# NP-Hard Problems

The purpose of this assignment is to familiarize yourself with different approaches to solving NP-hard problems in practice, especially via integer programming.

As in previous assignments, we will use [NetworkX](https://networkx.github.io/) to manipulate graphs and [PuLP](http://pythonhosted.org/PuLP/) to solve linear and integer programs.

In [142]:
import networkx as nx
import pulp

We will use two graph datasets for this assignment, both available in [GML](https://en.wikipedia.org/wiki/Graph_Modelling_Language) format. The first is a well-known graph of the social network of a karate club [1]. The second is a network representing the western states power grid in the US [2].

In [143]:
karate = nx.read_gml('karate.gml')
power = nx.read_gml('power.gml')

#
# The nx.read_gml() function was giving me an error, which I believe was
# due to the version of NetworkX I am using.  I wrote this function to 
# read in the gml files in order to avoid having to revert my NetworkX 
# installation to a previous version (others appear to have had the same
# problem - see Piazza @243)
#
# def my_read_gml(gml_file):
    
#     G = nx.Graph()
    
#     file = open(gml_file)
#     temp_src = -1
#     for line in file:
#         tokens = line.strip().split()
#         if tokens[0] == 'id':
#             G.add_node(int(tokens[1]))
        
#         if tokens[0] == 'source':
#             if(temp_src) != -1:
#                 print "ERROR: Unexpected formatting in file"                
#             temp_src = int(tokens[1])
        
#         if tokens[0] == 'target':
#             G.add_edge(temp_src, int(tokens[1]))
#             temp_src = -1

#     return G

# karate = my_read_gml('karate.gml')
# power = my_read_gml('power.gml')



# Test graph 1

# G = nx.Graph()

# for i in range(0, 24):
#     G.add_node(i)
    
# for i in range(0, 12):
#     G.add_edge(i, (i + 1)%12)
#     G.add_edge(i, i + 12)

# for i in range(12, 16):
#     G.add_edge(i, i + 4)
#     G.add_edge(i + 4, i + 8)
#     G.add_edge(i + 8, i)

# Max size indepdenent set should be 9


# Test graph 2

# G = nx.Graph()

# for i in range(0, 12):
#     G.add_node(i)

# for i in range(0, 7):
#     G.add_edge(i, (i + 1)%7)

# G.add_edge(0, 7)
# G.add_edge(1, 8)
# G.add_edge(2, 8)
# G.add_edge(3, 9)
# G.add_edge(4, 9)
# G.add_edge(5, 10)
# G.add_edge(6, 10)
# G.add_edge(7, 8)
# G.add_edge(7, 11)
# G.add_edge(9, 11)
# G.add_edge(10, 11)

# Max size indepdenent set should be 5

[1] W. Zachary, An information flow model for conflict and fission in small groups, Journal of Anthropological Research 33, 452-473 (1977). 

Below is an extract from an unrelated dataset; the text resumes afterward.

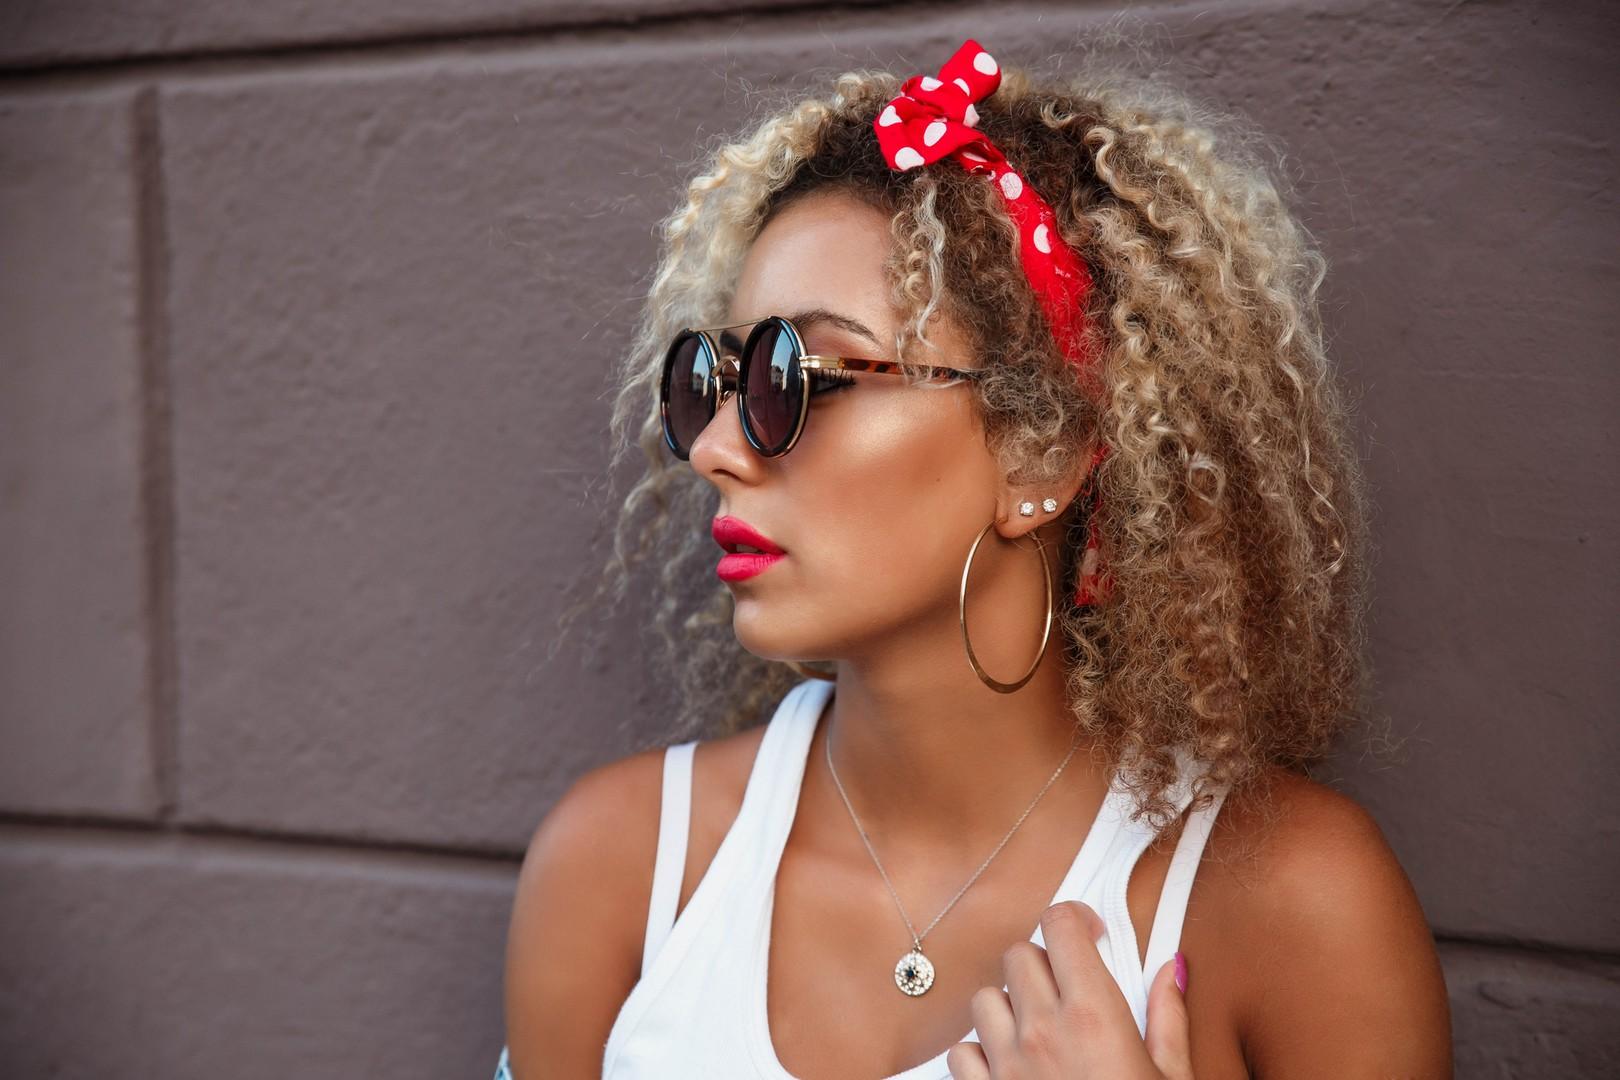 cortes de cabelo feminino medio 26 - Cortes de cabelo feminino médio: dicas e ideias para todo tipo de fio
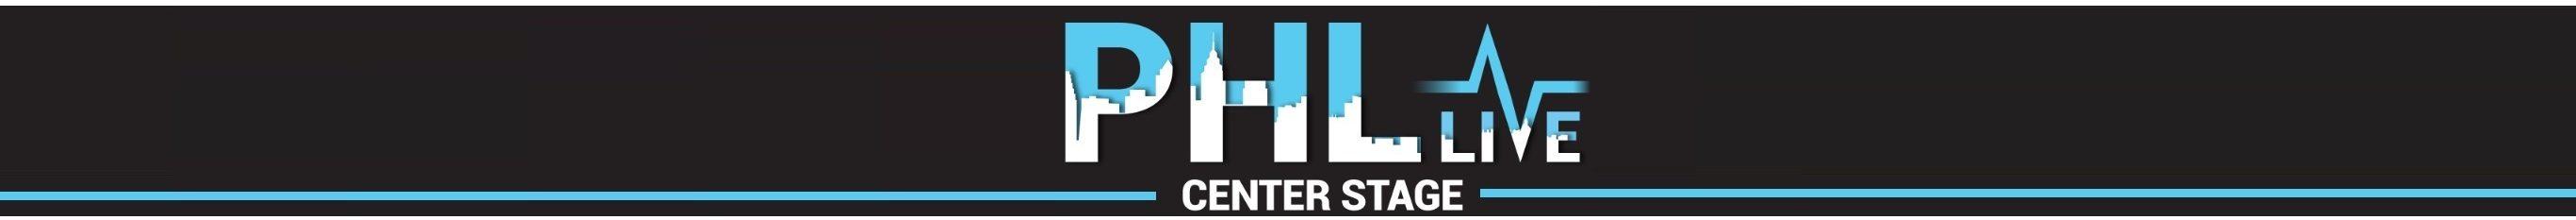 PHL LIVE Center Stage

[2] D. J. Watts and S. H. Strogatz, Collective dynamics of 'small world' networks, Nature 393, 440-442 (1998). 


## Independent Set

Recall that an *independent set* in a graph is a set of nodes such that no two nodes are adjacent (connected by an edge). Finding the maximum size of an independent set in a graph is an NP-hard problem, so there is no known polynomial-time algorithm to solve it.

### Problem 1

Provide an *integer program* formulation for this problem. This should look identical to a linear program formulation, except you will restrict the variables corresponding to the nodes to be integer instead of fractional.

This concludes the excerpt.